I like this auctioneer, and I go to all his sales. A big suntanned man with a neatly trimmed silver goatee, his chant is a pleasure to hear and easy to follow: playful, a bit of a twang, and a tobacco-auction echo in the soft-r way he sings “quarter.” By the sale’s very nature, we don’t want the same things, and yet he’s such a good salesman that I feel we’re on the same team. We need each other.

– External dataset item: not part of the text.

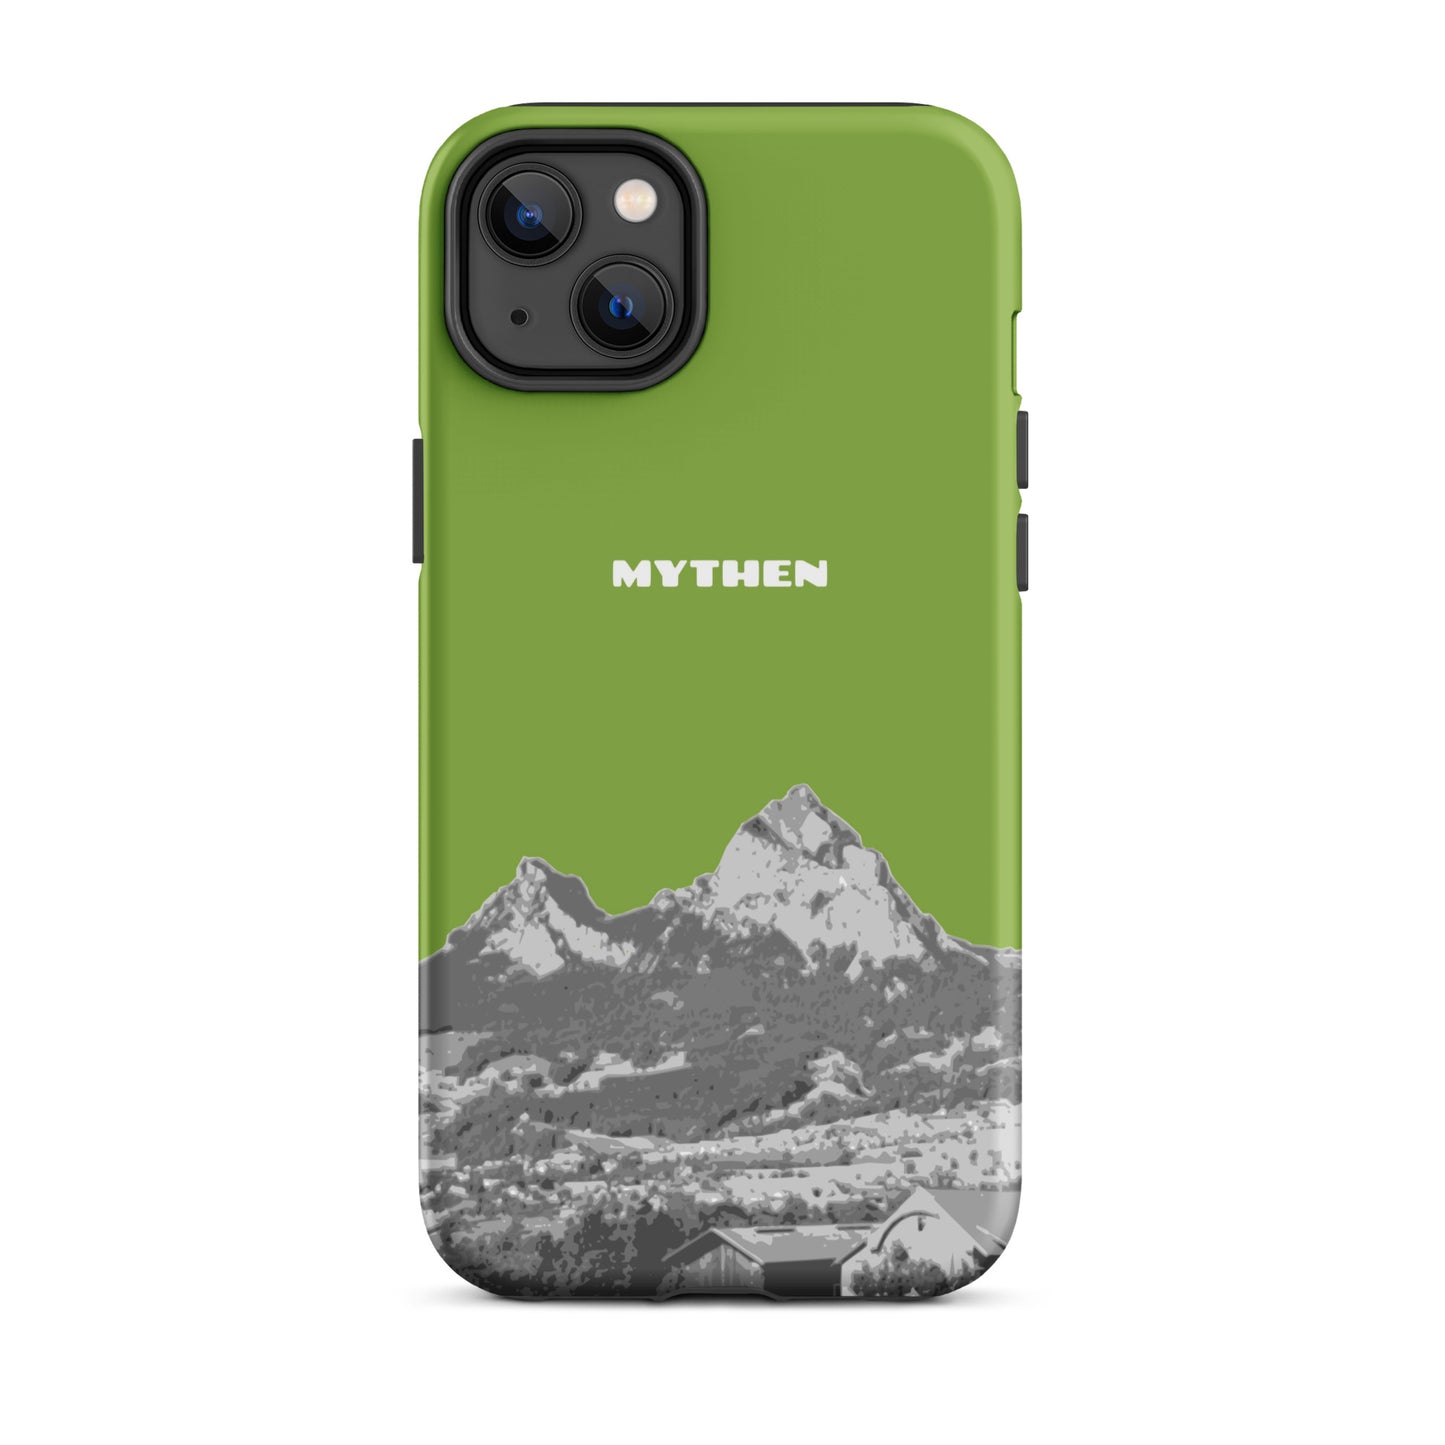 Hülle für das iPhone 14 Plus von Apple in der Farbe Gelbgrün, die den Grossen Mythen und den Kleinen Mythen bei Schwyz zeigt.

I love auction day’s carnival atmosphere. It’s an efficient treasure hunt; the place is flushed empty in a day’s time, and we each leave with what we wanted most. The auction saves waste by keeping goods in circulation. But for me, the best part is the chant, which rests on one note even as the auctioneer’s words dance and dip. On action day, I rest inside the chant, and feel it bear my weight.

*

Most of these sales take place at old farmhouses along narrow roads; we park on the shoulder and unfold our chairs under shade trees planted years ago by somebody long gone. But today we’re in town, the Hotel Easley, a two-story brick affair with striped awnings, halfway between the high school and the funeral parlor. Like always, the auctioneer snaps on the PA at 10:00 a.m. and starts in. First item: a six-drawer dresser with attached mirror. He tries twenty-five dollars, “twenty-five, five, five.” No takers. So he drops to twenty, “ twenty, twenty-dollar bid, all right, ten, am I bid ten, ten. Ten. [Sigh.] Gimme five dollars, people, five dollars to start.” Someone hollers, “Two-fifty!” and six hands shoot up. It’s gonna be that kind of day.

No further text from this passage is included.